Dutch police have arrested three people at the Mauritshuis museum in The Hague after Johannes Vermeer’s golden age masterpiece Girl with a Pearl Earring became the latest target of climate protesters.
Video published on social media showed two men wearing Just Stop Oil T-shirts in front of the painting, one of whom tried to superglue his shaven head to the artwork while the other emptied what appeared to be a can of tomato soup over him.
The museum said in a statement that the work, which was behind glass, had been examined by its restorers and had not been damaged. “Art is defenceless and the Mauritshuis strongly rejects trying to damage it for whatever purpose,” it said.

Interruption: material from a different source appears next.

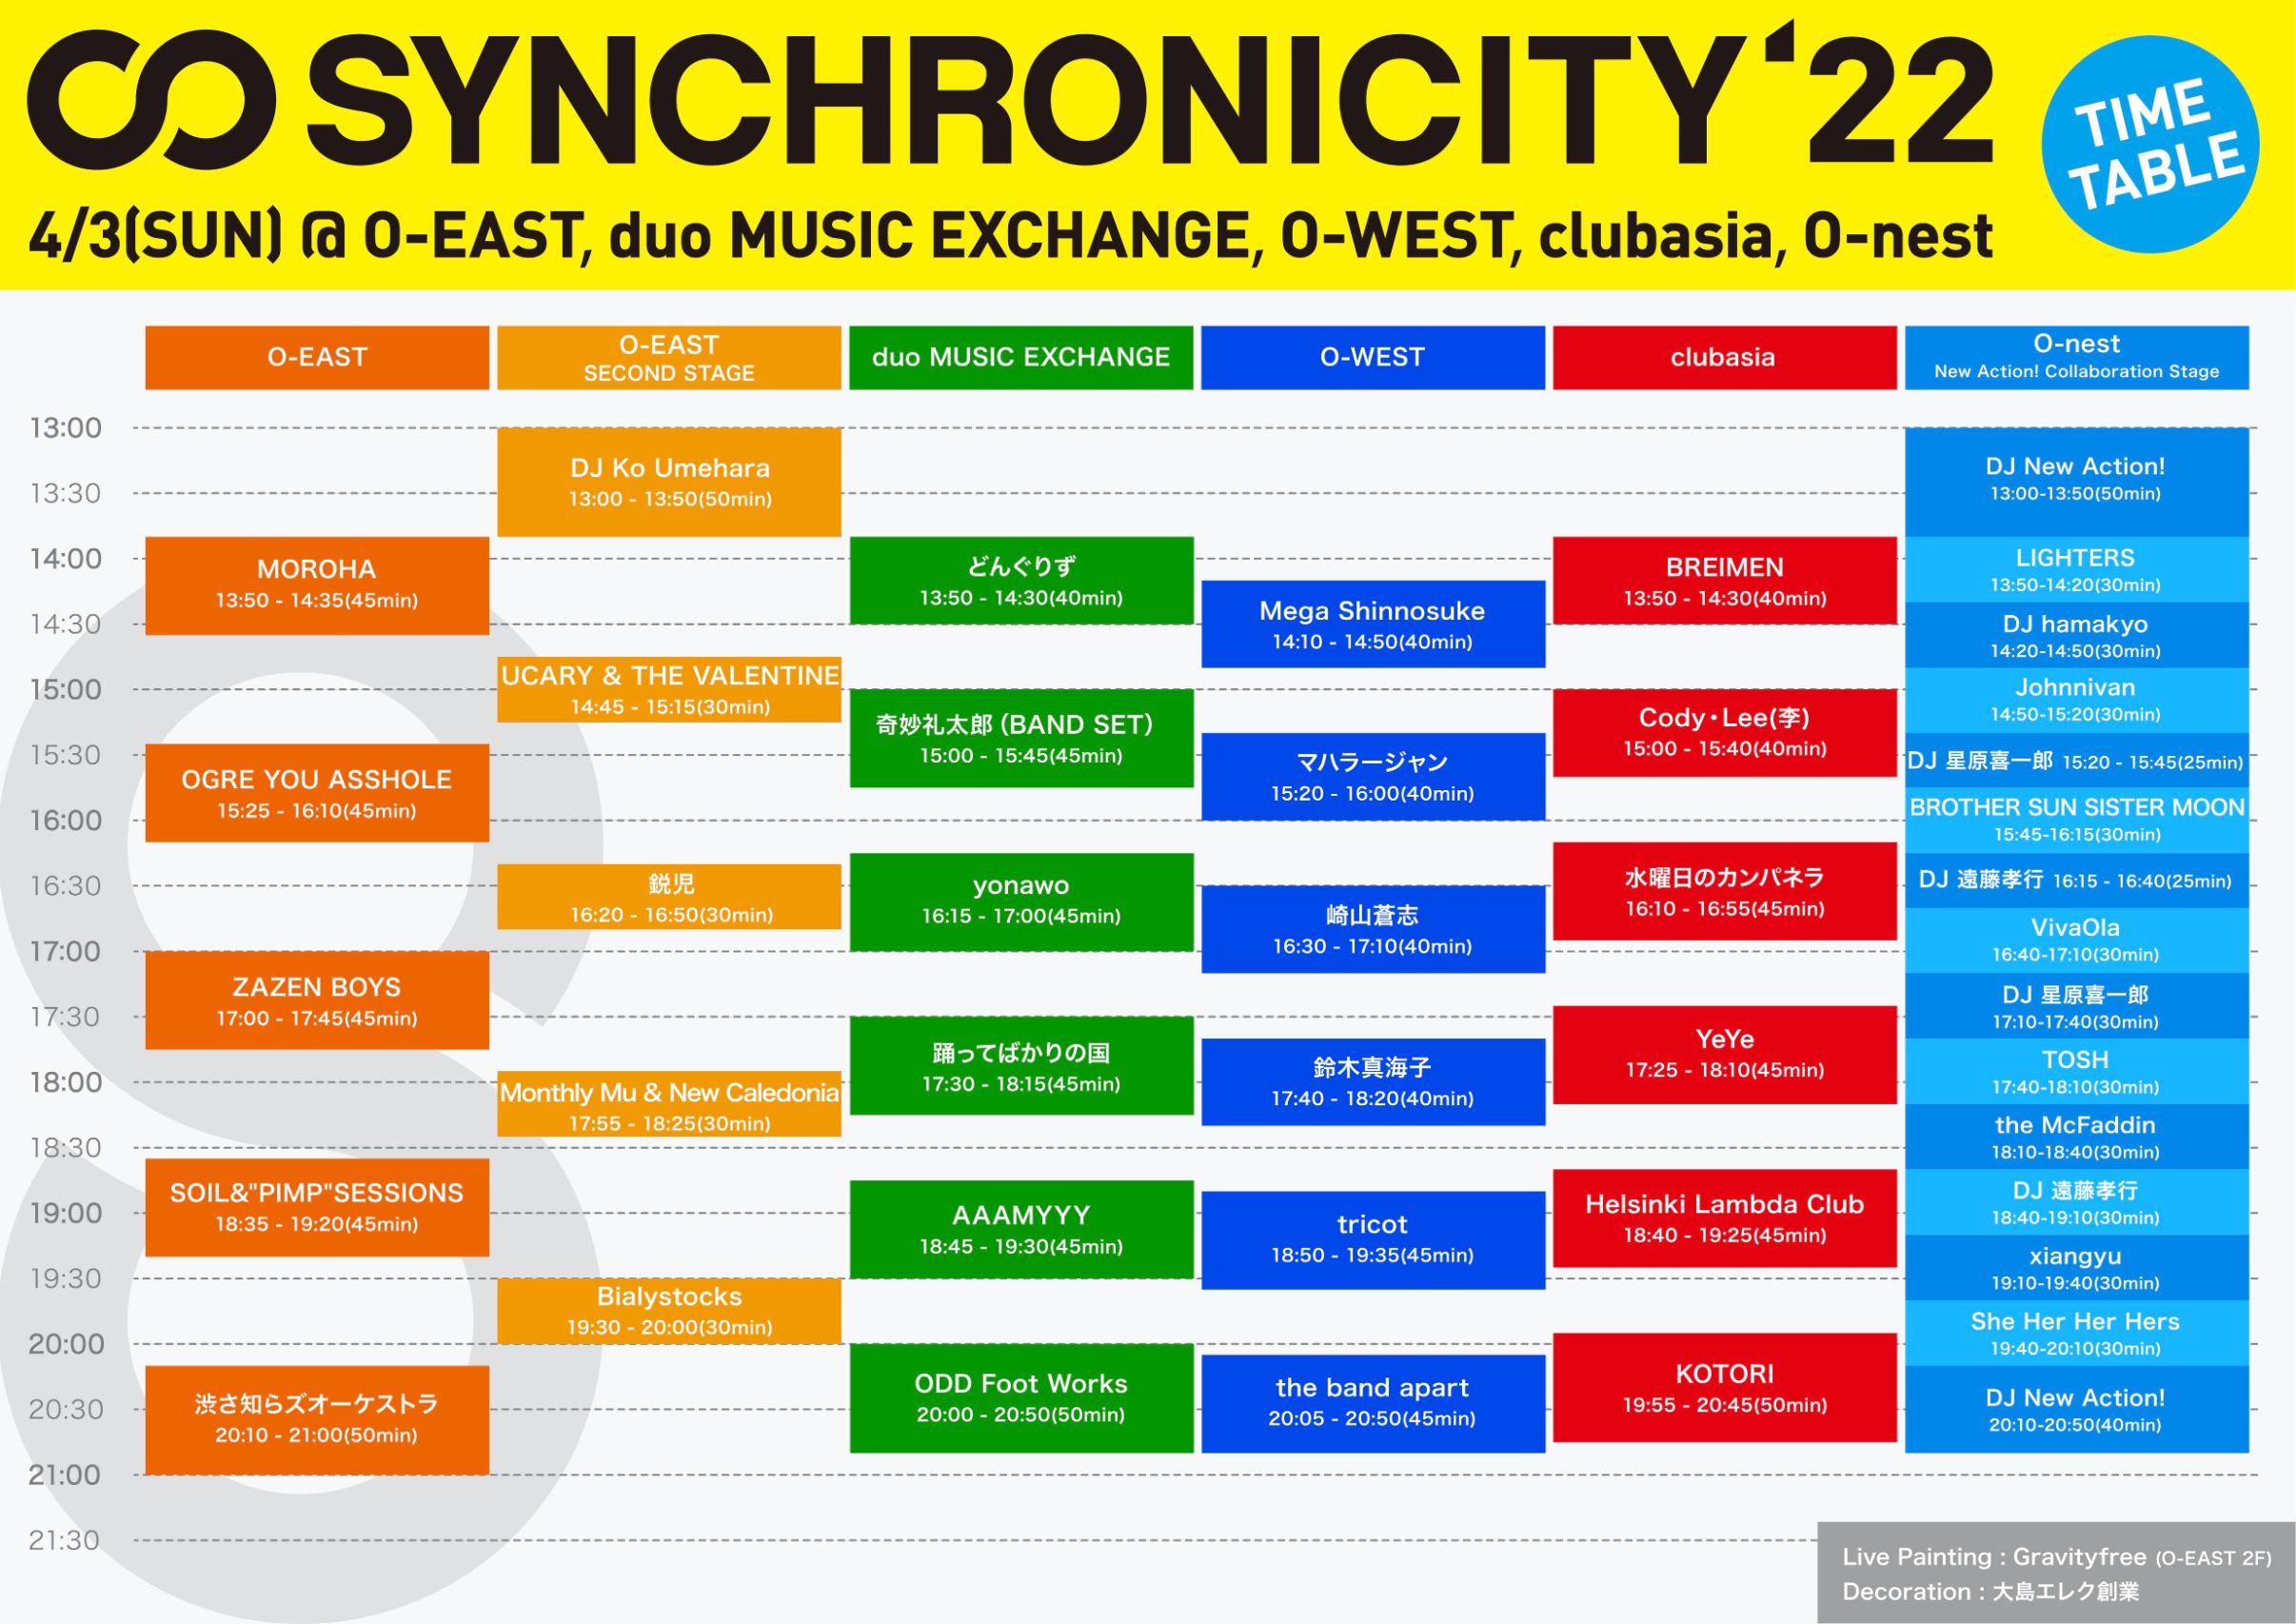 synchro22_timetable_220403_fix_comp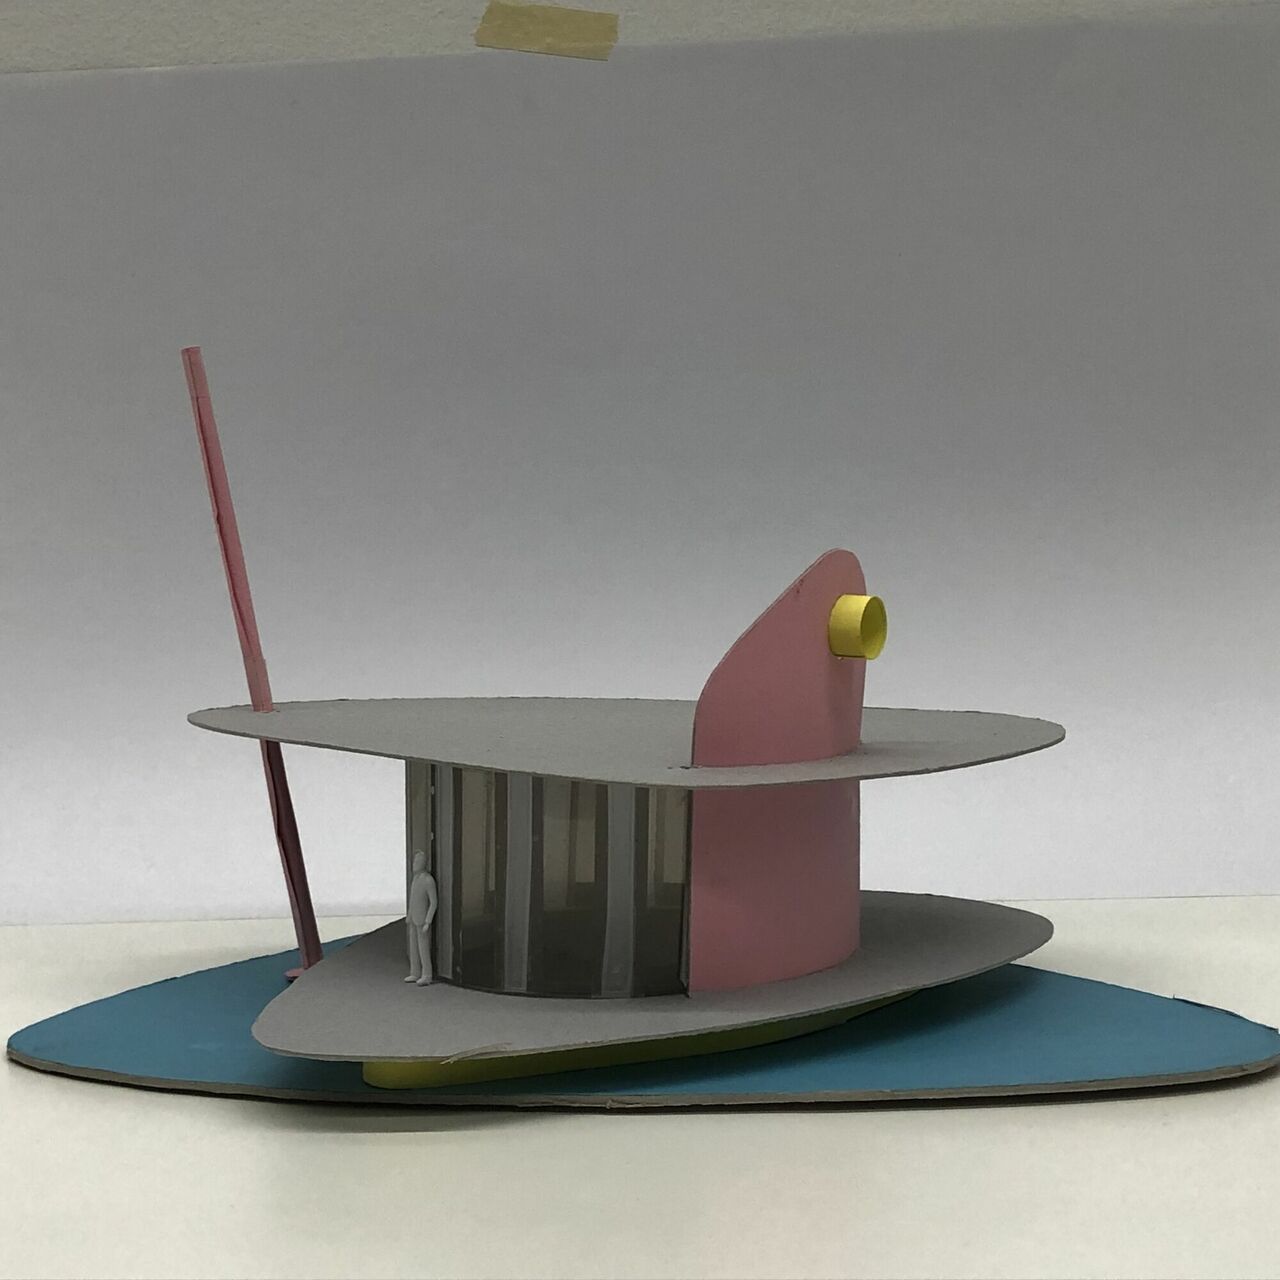 Ergebnis aus dem Workshop: Modell Pavillon

It comes after members of a German environmental group, Letzte Generation (Last Generation), threw mashed potatoes over Claude Monet’s Les Meules (Haystacks) in the Museum Barberini in Potsdam, outside Berlin, on Sunday.
Ten days previously, Just Stop Oil activists emptied tomato soup over Vincent van Gogh’s Sunflowers at the National Gallery in London before gluing themselves to the wall beneath the artwork, one of the gallery’s most important treasures. Les Meules and Sunflowers were also behind glass.
“How do you feel when you see something beautiful and priceless apparently being destroyed before your eyes?” asked one of the protesters in The Hague. “Do you feel outraged? Good. Where is that feeling when you see the planet being destroyed?”
To cries of “Shame on you!”, “Obscene”, “Stupid” and “Get away from there” from visitors to the gallery, he said the painting was “protected by glass and is just fine”, but that “the future of our children” was not. The Hague police said three people had been arrested for “public violence against goods”.
The Mauritshuis is home to numerous works by Dutch masters including Girl with a Pearl Earring, considered its greatest treasure, and Rembrandt’s The Anatomy Lesson of Dr Nicolaes Tulp.
A spokesperson for the museum, René Timmermans, told the AD newspaper on Wednesday that it was as well prepared as it could be for such incidents. “Internally, there has been lots of consultation about what extra measures we can take,” he said.
Timmermans declined to say what those measures might be but said that while visitors were allowed to carry only “a small handbag” into the museum, searching them would be going too far. “You can never 100% prevent protest actions,” he said.